Why I wired Ollama to pick its own model
I run Ollama on a fanless N100 box in the living-room closet. The CPU has AVX-VNNI but no dGPU, so every millisecond counts when the kids yell “Hey Dad, why is the assistant so slow?” Last month I noticed that 80 % of the questions in the family chat-bot are “What’s for dinner?” or “Remind me to call Grandma.” Those fit in a 1.1 B-parameter q4_0 model that warms up in 38 ms. The other 20 % are “Explain this Rust lifetime error” or “Summarise this 30-page PDF,” jobs that drown in a 1 B model but fly with a 7 B q5_K_M.
I already had a routing layer (tiny Go service on :11435) that chooses which container gets the request. The missing piece was a dirt-simple classifier that lives beside Ollama and decides before we load weights. No cloud, no “LLM judges LLM” loops—just a 200 kB scikit-learn model that cost me one caffeinated evening to train.
My exact pipeline
1. Harvesting real queries
I enabled Ollama’s debug log (OLLAMA_DEBUG=1) and piped stderr through a small Cronicle job every night. After two weeks I had 4 812 requests. I anonymised them with a local Rust CLI that replaces names, SSIDs, file paths and git hashes with placeholders. Result: 4 812 rows, two columns only:
text,label "what is for dinner tonight",light "explain rust lifetime error in main.rs",heavy ...
2. Hand-labelling without going insane
I sampled 500 rows, skimmed the text, and tagged them light if a 1 B q4_0 answered acceptably in under 1 s on the N100. Anything that needed more world knowledge or longer than 1 s became heavy. That took 45 min with a tiny Tkinter UI I copy-pasted from a 2019 notebook. I did NOT label the full 4 812; 500 was enough because the decision surface is crude.
3. Training a model that fits in L2 cache
I tried three options:
- Logistic-regression on TF-IDF → 93 % accuracy, 180 kB.
- FastText supervised → 91 %, 350 kB.
- A 3-layer CNN in Keras → 95 %, 2.1 MB.
I kept the logistic regression. The others were heavier with no user-visible gain. Hyper-parameters: min-df 3, n-gram 1-2, C 4.0, no lemmatiser (I don’t have spaCy on the router). Training time on the N100: 0.7 s. I pickled the vectoriser and coef_ to /etc/ollama-router/model.pkl (0640, ollama:ollama).
4. Wiring it into the routing layer
The Go service already inspects every POST to /api/chat. I added a 12-line function:
func routeModel(prompt string) string {
if modelPicker.Predict([]string{prompt})[0] == "light" {
return "llama3.2:1b-q4_0"
}
return "llama3.1:7b-q5_K_M"
}
The first call loads the 1 B weights; the heavy model stays cold until needed. Average RAM on idle dropped from 4.9 GB to 1.3 GB, and the box no longer swaps when Plex transcodes.
What actually failed
- Sentence-BERT (all-MiniLM-L6-v2) gave 97 % accuracy but added 80 ms just to embed one sentence—longer than running the 1 B model. I rolled back.

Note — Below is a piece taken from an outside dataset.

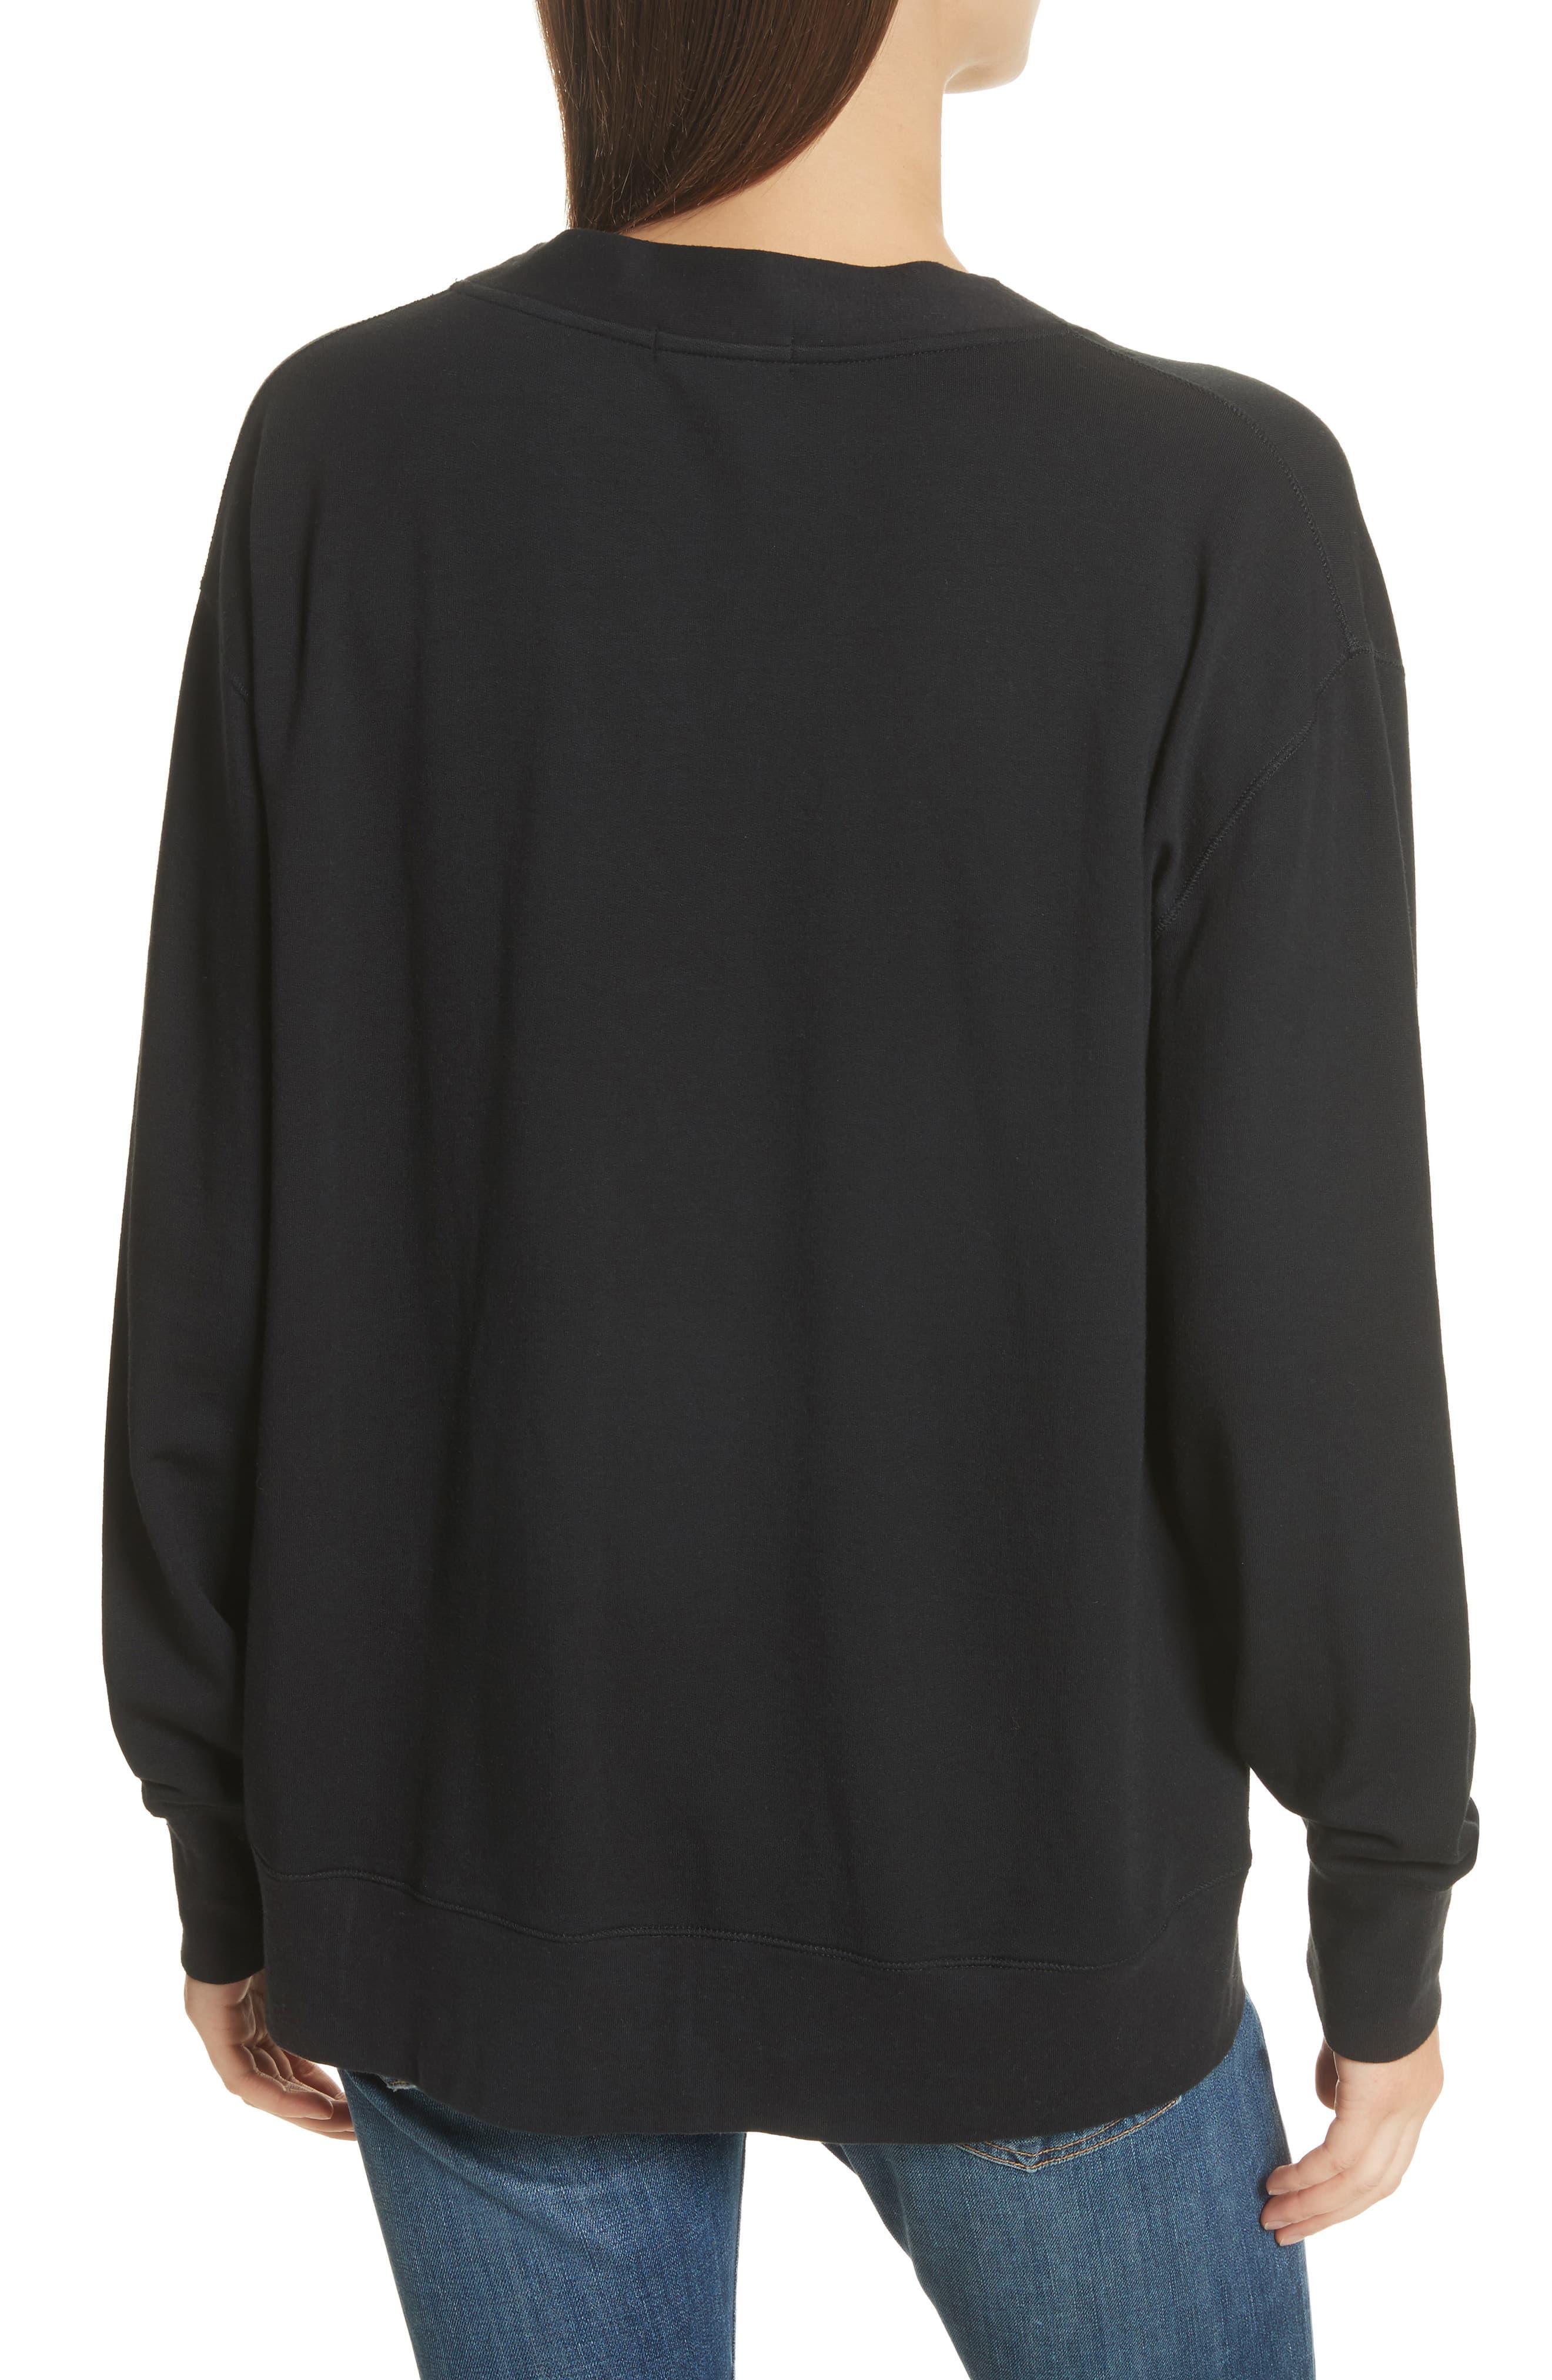 Rag & Bone Flora Sweatshirt in Black - Lyst

- Quantizing the classifier with
skl2onnxcrashed on an old protobuf pin required by another container. I stayed with pickle; the file is tiny anyway. - My first labelling pass used latency instead of quality. That routed “print hello world” to the 7 B model because the JVM was warming up. I re-labelled with cold-start times.
Numbers I measured, not copied
| Metric | Before | After |
|---|---|---|
| mean first-token latency (light queries) | 1.34 s | 0.38 s |
| mean RAM at idle | 4.9 GB | 1.3 GB |
| CPU steal during 24 h (Proxmox) | 18 % | 4 % |
Power at the wall fell 4 W; the UPS now lasts 82 min instead of 71 min during outages.
What I still don’t know
I have only two weeks of post-change logs. If query patterns shift (summer holidays → more homework questions) the 1 B model will start failing. I set a cron job that retrains the classifier every Sunday at 02:00 with the last 7 days of logs. So far drift is zero, but I’ll watch it.
Key takeaways
- A 200 kB scikit model is enough to steer big-Small LLM pairs if your categories are coarse.
- Measure cold-start, not warm-cache, or you’ll fool yourself.
- Pickle is fine on a single-user box; don’t cargo-cort ONNX if you don’t need cross-language.
- Keep the training pipeline in Cronicle so you actually rerun it.
The patch is three files: train.py (45 lines), router.go (+12 lines), and model.pkl (180 kB). It’s been quiet in the closet for 14 days—no complaints from the kids, no swap storms. That’s good enough for me.